Courtesy of Gabrielle Dean:

Sonnet paraphrases

Italicized words are the ones I had to look up. [Brackets] indicate words or ideas that I had to imagine and insert; they are implied but are not stated in the text itself, or they might indicate a secondary meaning of a particular word. Red lines are my “translations.” You do NOT have to do your paraphrases exactly this way; I just wanted to give you an example.

Sonnet 18

Shall I compare thee to a summer's day?

Shall I compare you to a summer's day?

Thou art more lovely and more temperate:

You are prettier and more moderate/gentler/milder

Rough winds do shake the darling buds of May,

[After all] strong winds shake the cute buds of flowers and trees in May

And summer's lease hath all too short a date:

And summer only lasts a little while

Sometime too hot the eye of heaven shines,

Sometimes the sun is too hot

And often is his gold complexion dimmed,

And often the sun's gold brightness is faded [when it is cloudy]
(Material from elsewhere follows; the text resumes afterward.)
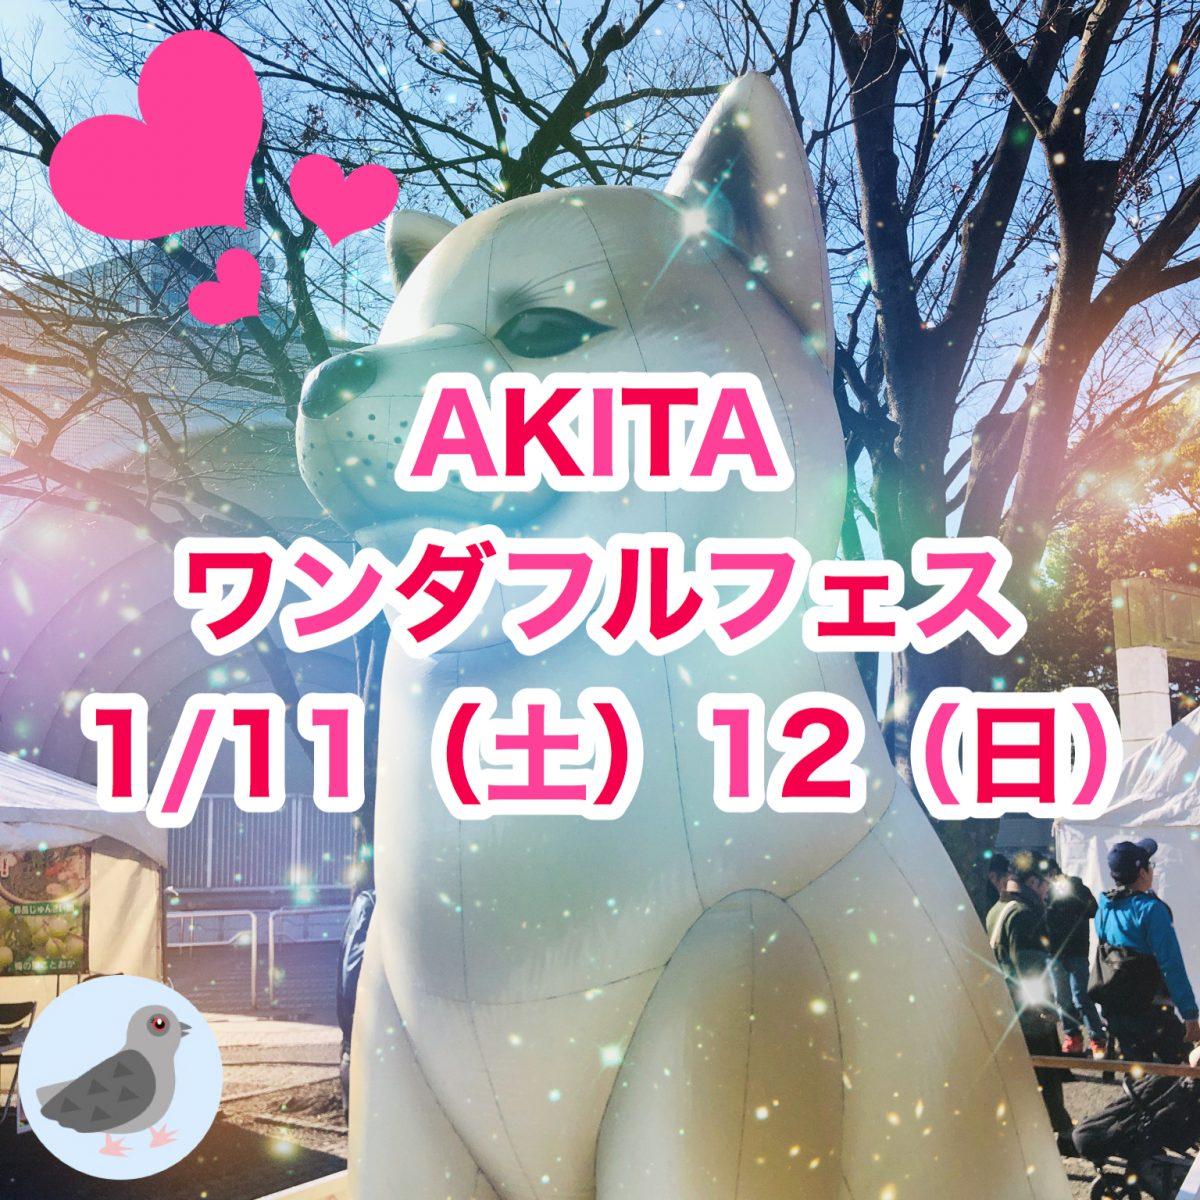 秋田の食・芸能でワイワイ 秋田犬と一緒にモフモフ 「なまはげ」も来るヨ!AKITAワンダフルフェス2020

And every fair from fair sometime declines,

And everything that is fair [beautiful] sometimes deviates from beauty; everything that is fair [blond]sometimes deviates from blondness; everything that is fair [warm and sunny weather] sometimes deviates fromsunny warmth, i.e. the sun's arc “declines,” or sinks

By chance, or nature's changing course untrimmed:

Because either luck or the changing of the seasons “untrims” it, i.e. removes the pretty decorations

But thy eternal summer shall not fade,

But your youth/golden warmth is permanent and will not fade

Nor lose possession of that fair thou ow'st,

Or lose the beauty that you possess

Nor shall death brag thou wand'rest in his shade,

And Death [personified] will not brag that you are wandering around in his domain, i.e. you will not die

When in eternal lines to time thou grow'st,

As long as you grow/live in eternal lines of poetry that are dedicated to time and are “in time,” i.e. in meter

So long as men can breathe or eyes can see,

As long as human beings breathe or eyes can see

So long lives this, and this gives life to thee.

This poem will live; and this poem gives life to you, i.e. because you have been written about, you are immortal

Sonnet 55

Not marble, nor the gilded monuments

Neither marble [statues] or the gold-decorated monuments

Of princes shall outlive this powerful rhyme,

Of princes will outlive this powerful rhyme, i.e. this sonnet

But you shall shine more bright in these contents

Rather, you will be more beautiful/celebrated in this sonnet

Than unswept stone, besmeared with sluttish time.

Than the stone [of those monuments and statues] that are uncared for and get dirty over time

When wasteful war shall statues overturn,

In wars, which “lays waste,” i.e. makes ruins, statues will be overturned

And broils root out the work of masonry,

And tumults/quarrels/turmoils will make masonry, i.e. buildings made of bricks or stones, fall down

Nor Mars his sword, nor war's quick fire shall burn:

[Then] not even Mars [the god of war] or the fires of war will burn

The living record of your memory.

[This sonnet which is] a “living,” i.e. eternal document recording your life.

'Gainst death, and all-oblivious enmity

Against death, and hostilities that would create forgetfulness [i.e., you would be forgotten]

Shall you pace forth, your praise shall still find room,

You will successfully walk away from, and you will continue to be praised

Even in the eyes of all posterity

By all those who come after you

That wear this world out to the ending doom.

To the end of this world.

So till the judgment that your self arise,

So until Judgment Day when you rise again

You live in this, and dwell in lovers' eyes.

You will be immortal in this sonnet, for you will live on in the eyes [minds] of lovers who read it.